Apply the Equations of Equilibrium as shown below.

Apply the equilibrium equation of forces in x-direction and equate to zero for equilibrium.

$\begin{array}{l}{\displaystyle \sum F_x}=0\\ C_x+176.8\times \left(-0.707\right)+176.8\times 0.707=0\\ C_x=0\end{array}$

Apply the equilibrium equation of forces in y-direction and equate to zero for equilibrium.

$\begin{array}{l}{\displaystyle \sum F_y}=0\\ C_y+176.8\times 0.3535+176.8\times 0.3535-75=0\\ C_y+50=0\\ C_y=-50\text{lb}\end{array}$

Apply the equilibrium equation of forces in z-direction and equate to zero for equilibrium.

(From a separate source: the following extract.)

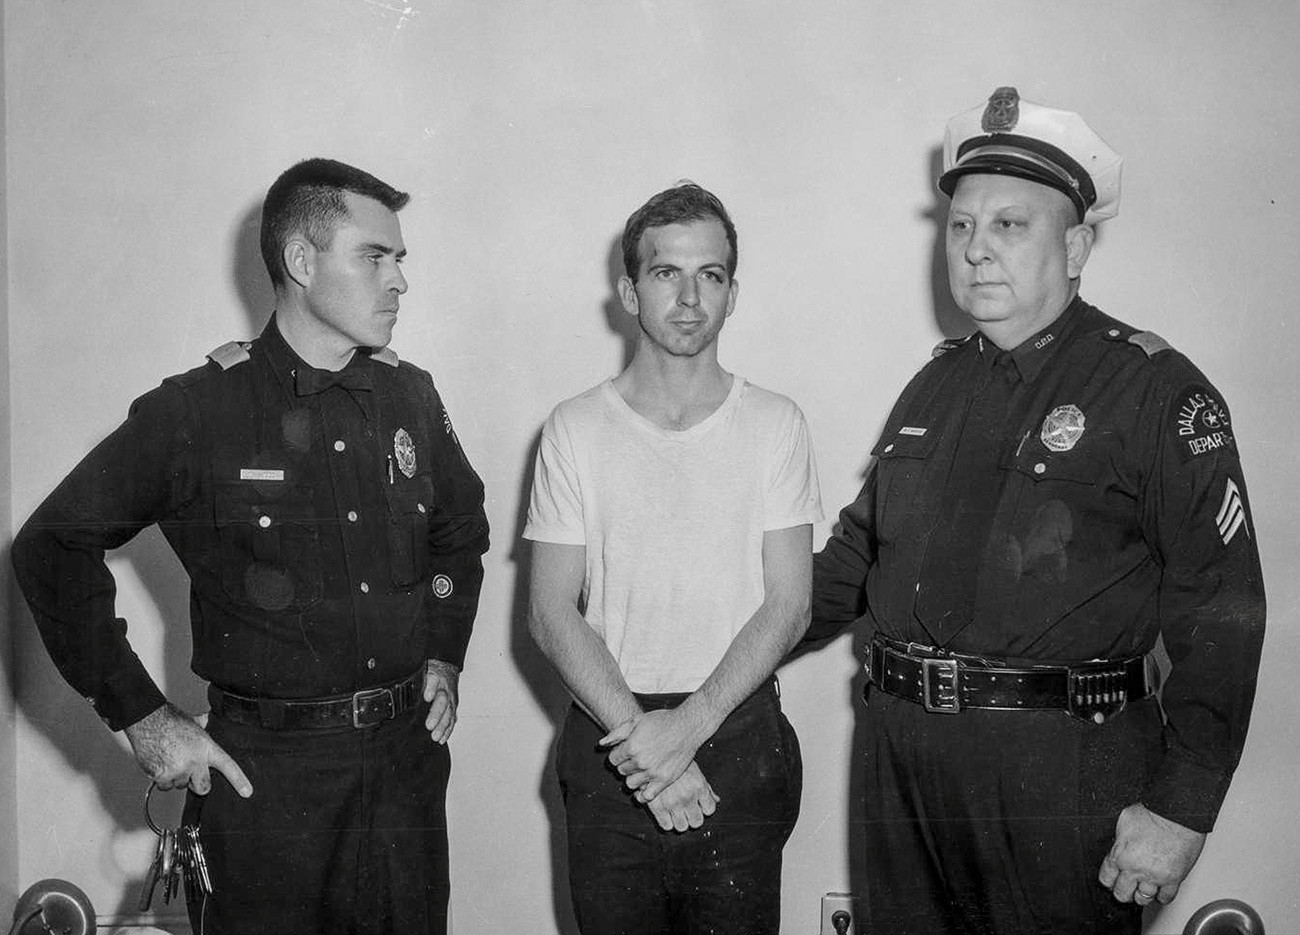 Dallas Police Department archive image shows accused Kennedy assassin Oswald standing with Dallas Police officers

$\begin{array}{l}{\displaystyle \sum F_z}=0\\ C_z+176.8\times \left(-0.6123\right)+176.8\times \left(-0.6123\right)=0\\ C_z-216.5=0\\ C_z=216.5\text{lb}\end{array}$

Calculate the reaction at C as shown below.

$C=C_x\text{i}+C_y\text{j}+C_z\text{k}$

Substitute 0 for $C_x$, $-50\text{lb}$ for $C_y$, and $216.5\text{lb}$ for $C_z$.

$\begin{array}{c}C=\left(0\right)\text{i}+\left(-50\right)\text{j}+\left(216.5\right)\text{k}\\ =-\left(\text{50 lb}\right)\text{j}+\left(216.5\text{lb}\right)\text{k}\end{array}$

Therefore, the reaction at C is $\underset{\_}{C=-\left(\text{50 lb}\right)\text{j}+\left(216.5\text{lb}\right)\text{k}}$.